Find the line holding "Pair of delicate" in the entries below. Give it again exactly, along with every line after it up to and including the line holding "The square bases".

_Data to examine_
══════════════════════════════

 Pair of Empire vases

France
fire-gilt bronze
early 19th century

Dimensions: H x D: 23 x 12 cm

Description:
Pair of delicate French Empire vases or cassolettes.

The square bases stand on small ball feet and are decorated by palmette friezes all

══════════════════════════════

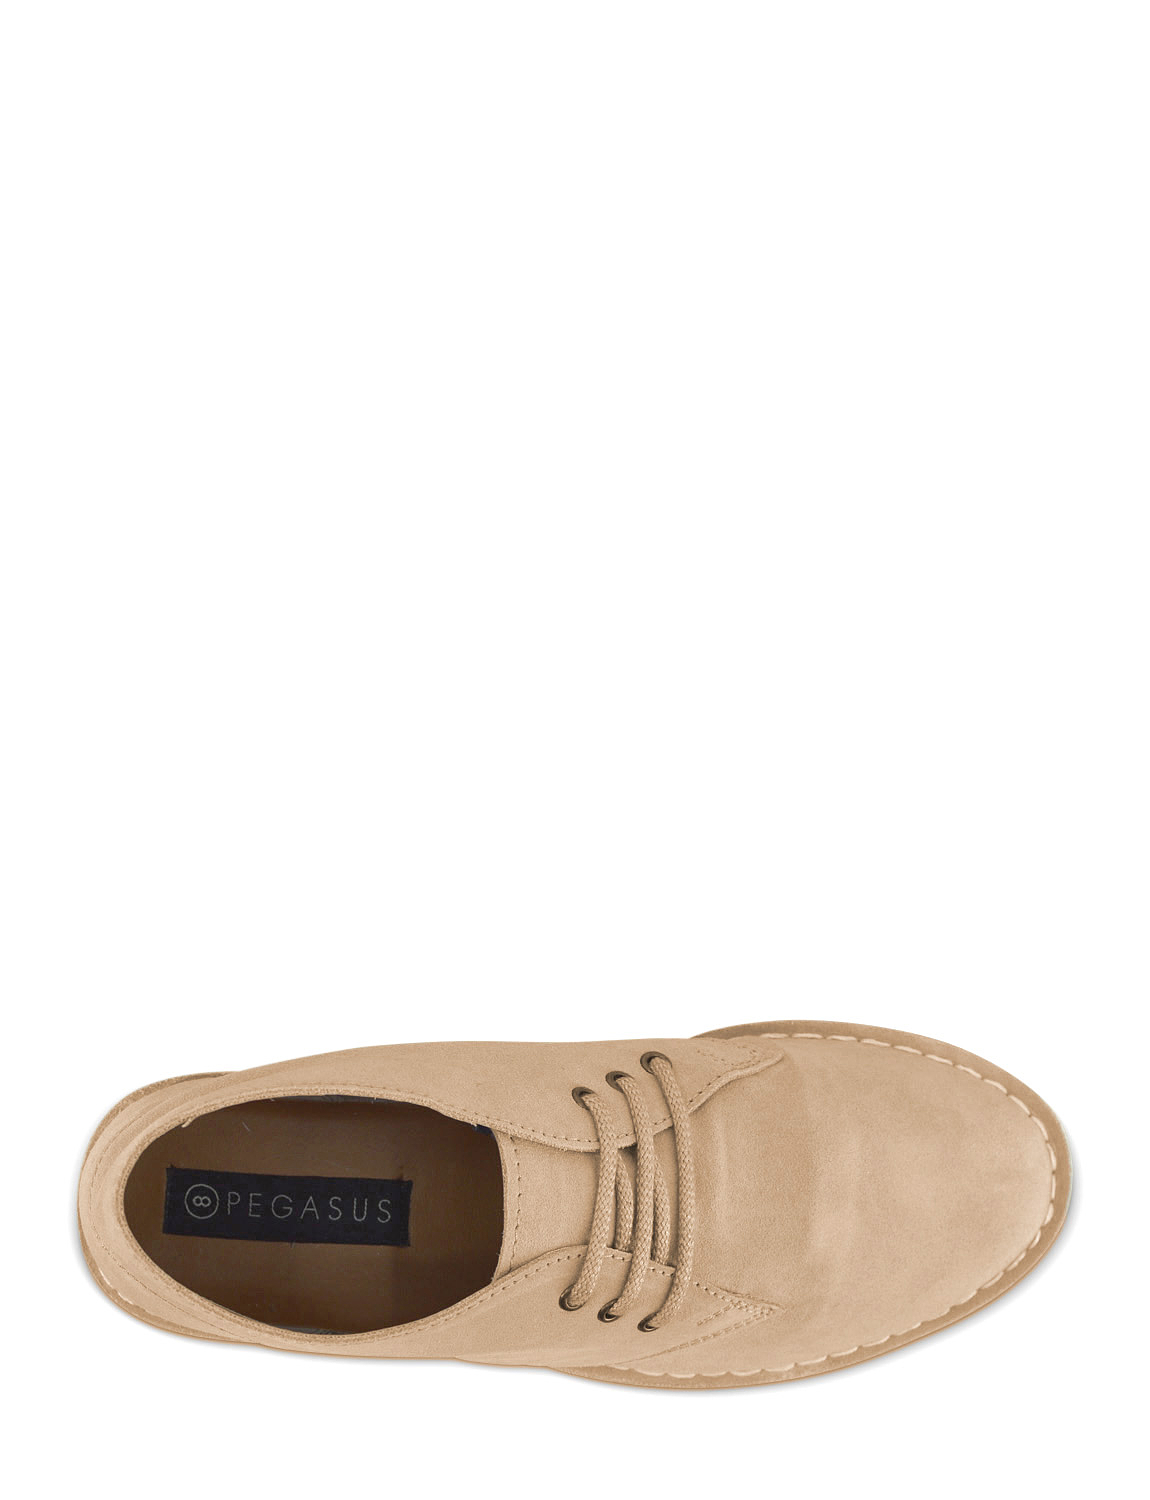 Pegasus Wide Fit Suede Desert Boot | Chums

══════════════════════════════

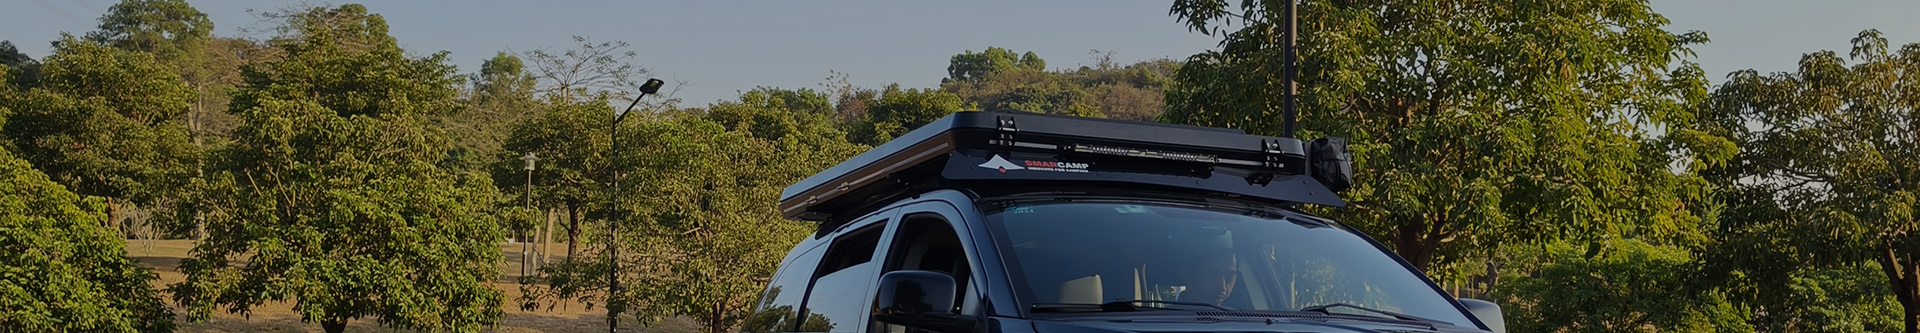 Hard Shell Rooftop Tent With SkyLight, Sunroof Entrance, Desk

══════════════════════════════

_Result below_
Pair of delicate French Empire vases or cassolettes.

The square bases stand on small ball feet and are decorated by palmette friezes all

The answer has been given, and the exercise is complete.